*Task requirements:*
All the data that follows should be repeated exactly, without a single picture.

*Dataset section:*

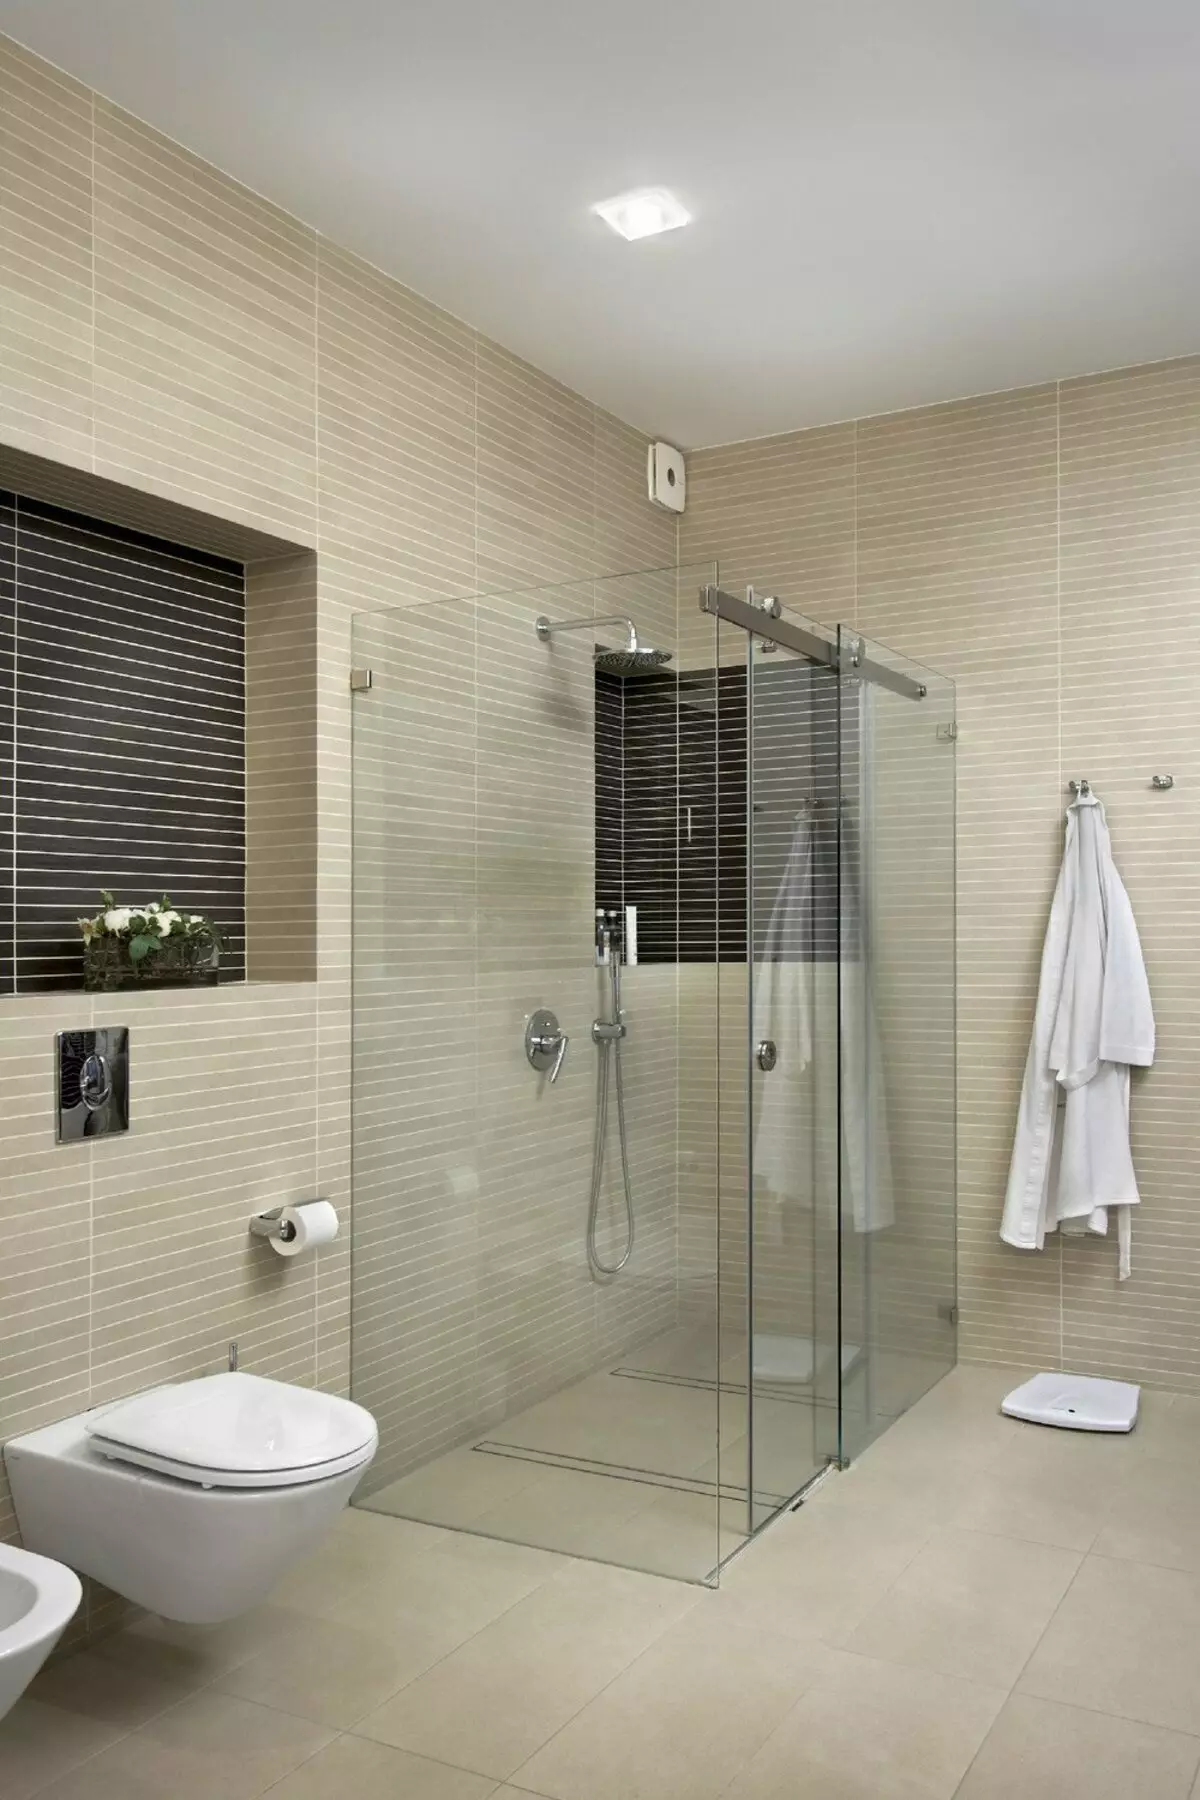 キャビンなしのバスルームのシャワー（86写真）：パレットとタイルキャビン、プロジェクトなしのシャワー付きバスルームデザインオプション 21384_20
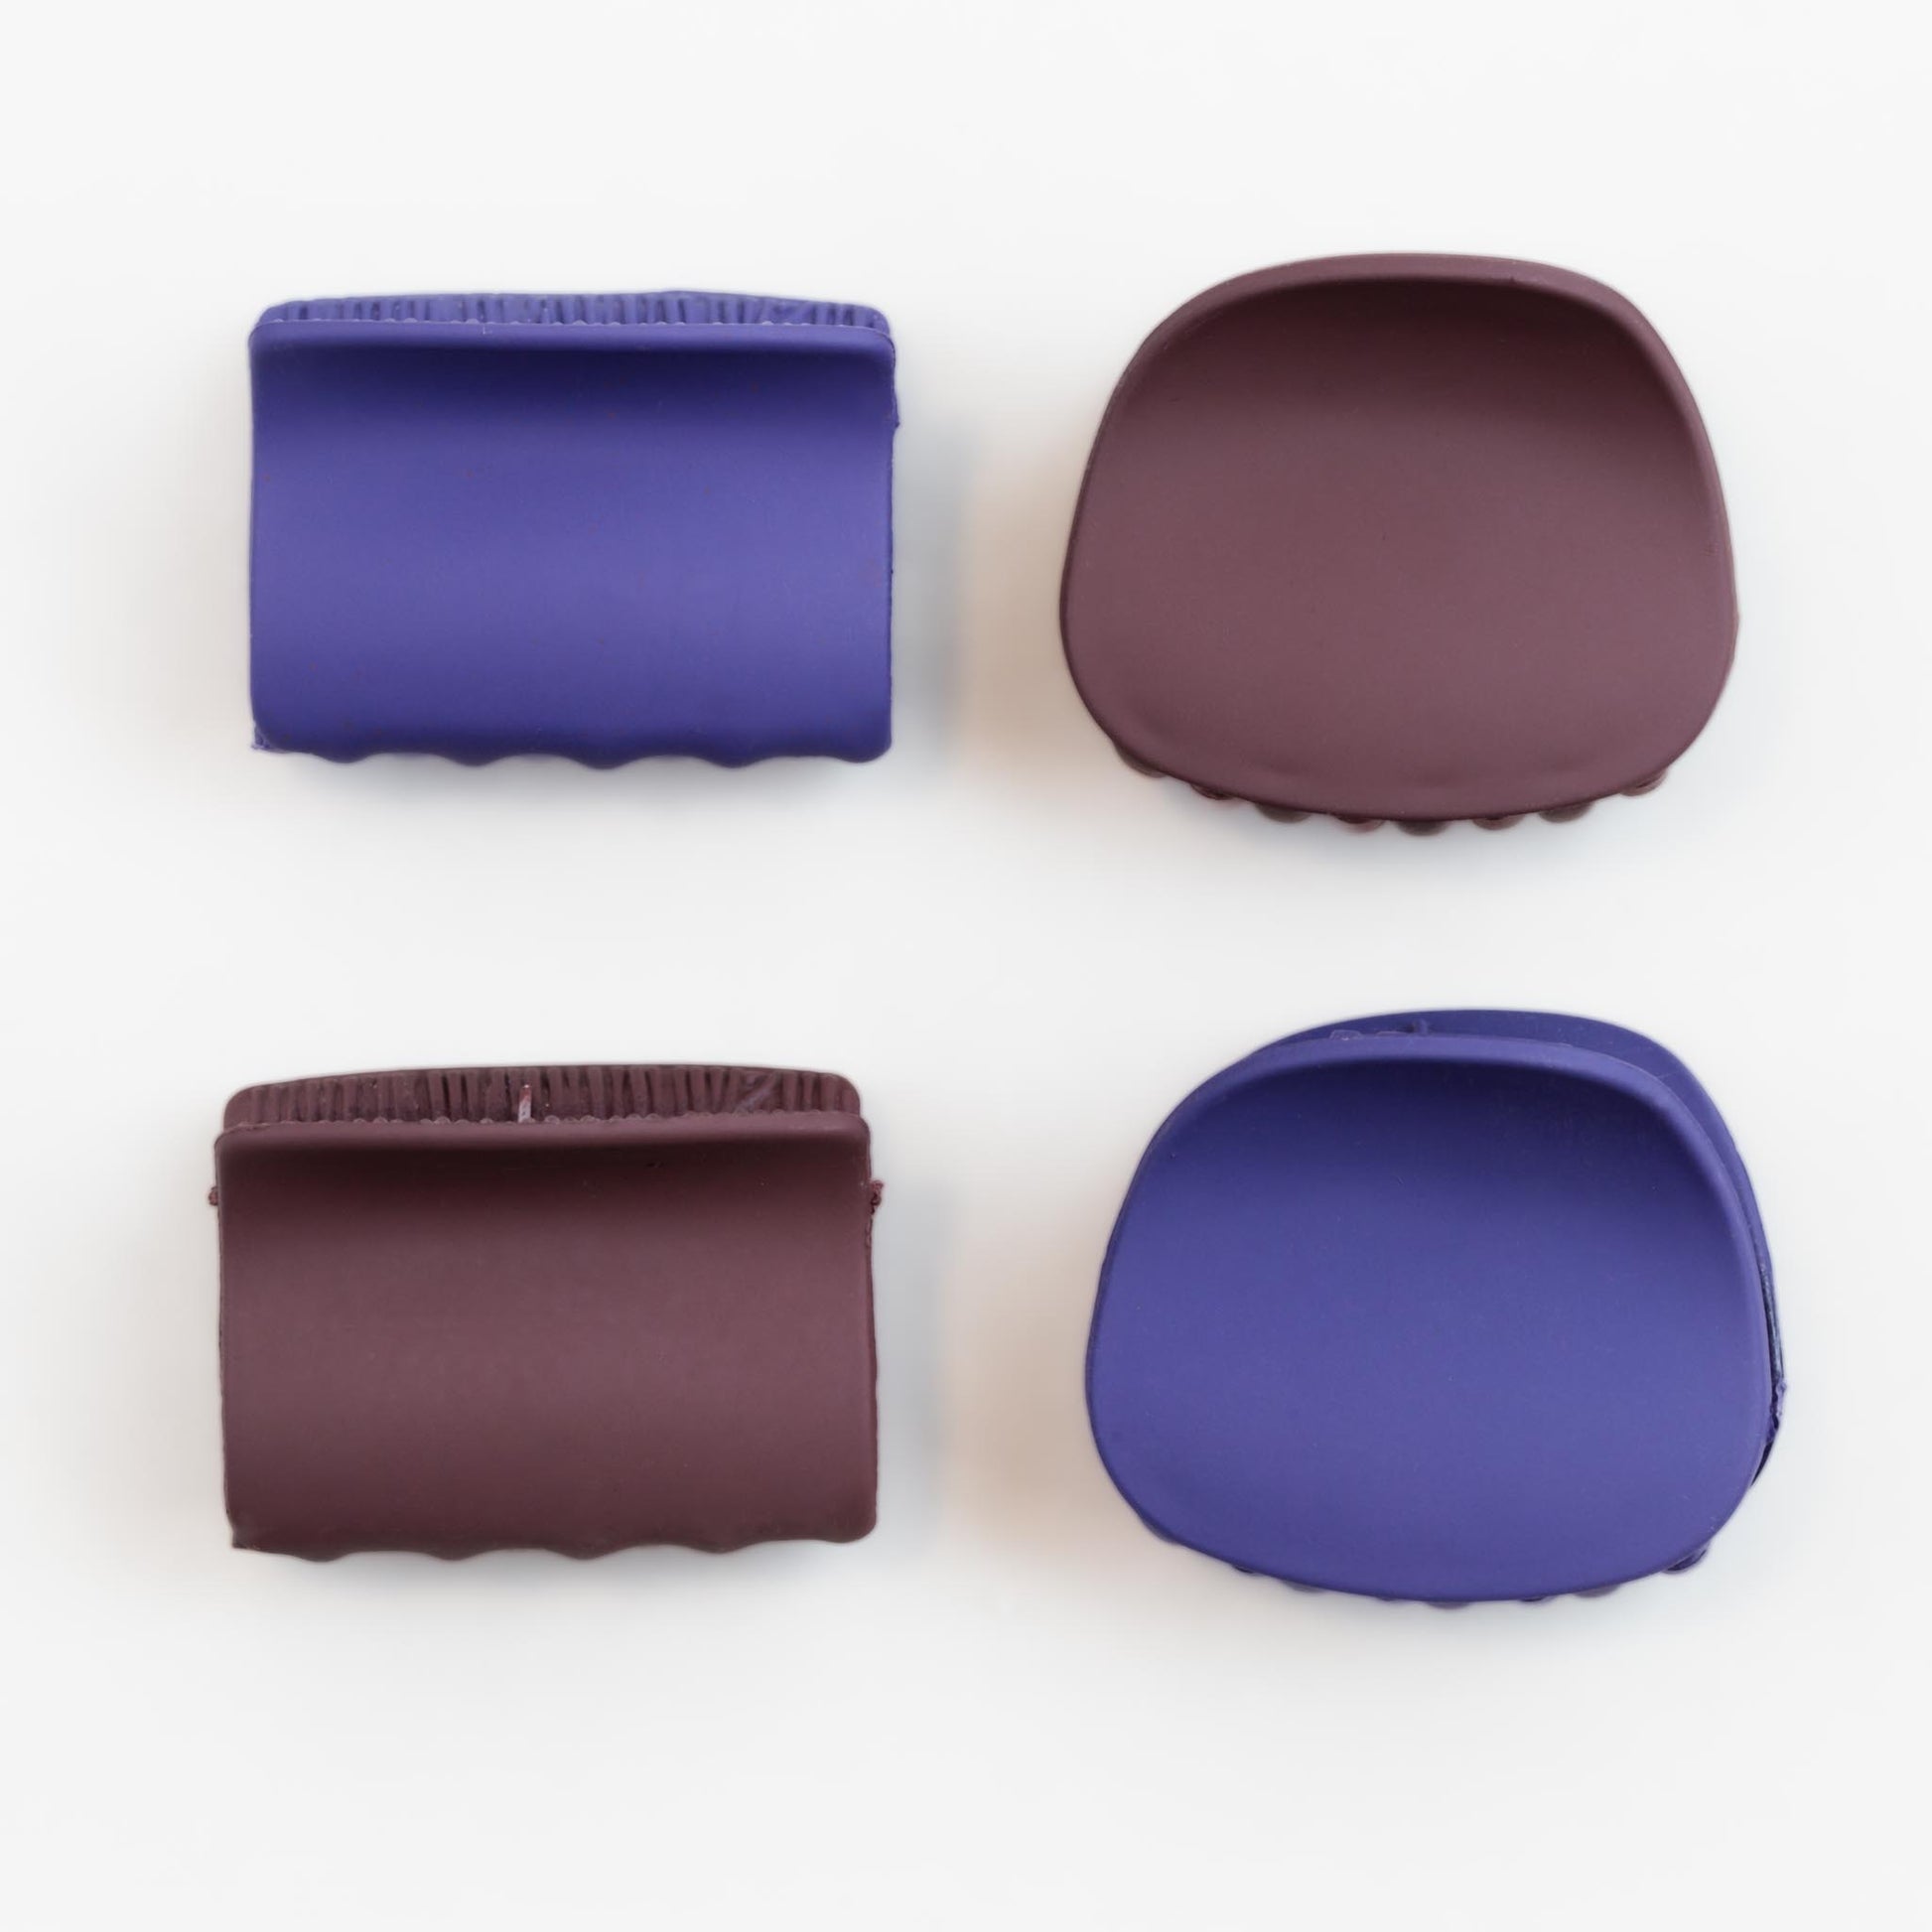 Clame de păr mici cu forme geometrice și textură de silicon, set 4 buc - Blueberry Mix
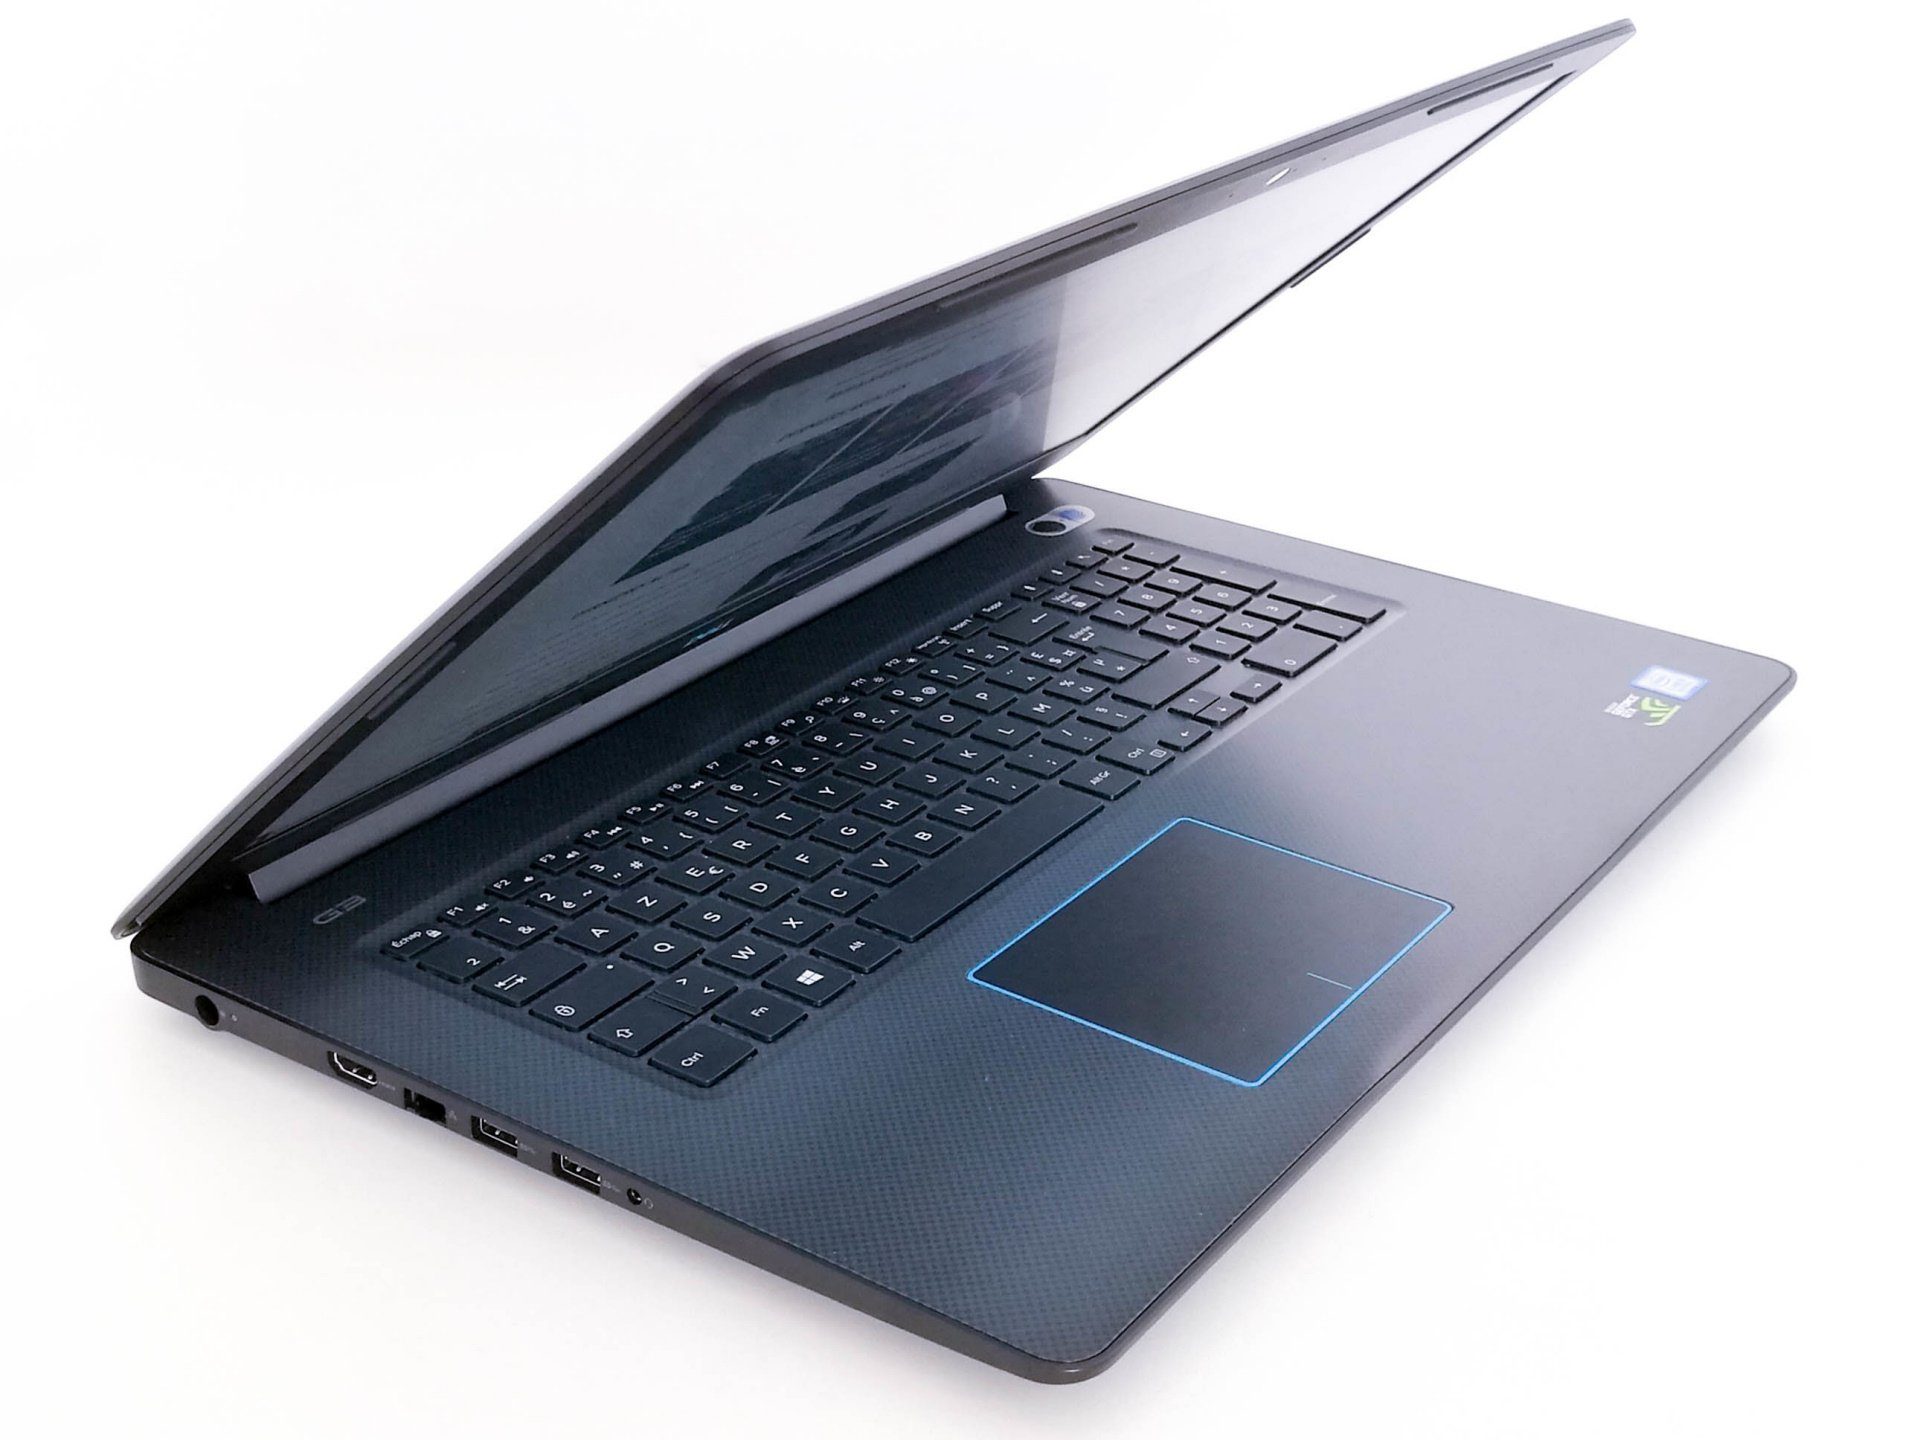 Image 2 : Test : Dell G3 17, un notebook gaming qui n'en a que le nom

*Solution to the exercise:*
 キャビンなしのバスルームのシャワー（86写真）：パレットとタイルキャビン、プロジェクトなしのシャワー付きバスルームデザインオプション 21384_20
 Clame de păr mici cu forme geometrice și textură de silicon, set 4 buc - Blueberry Mix
 Image 2 : Test : Dell G3 17, un notebook gaming qui n'en a que le nom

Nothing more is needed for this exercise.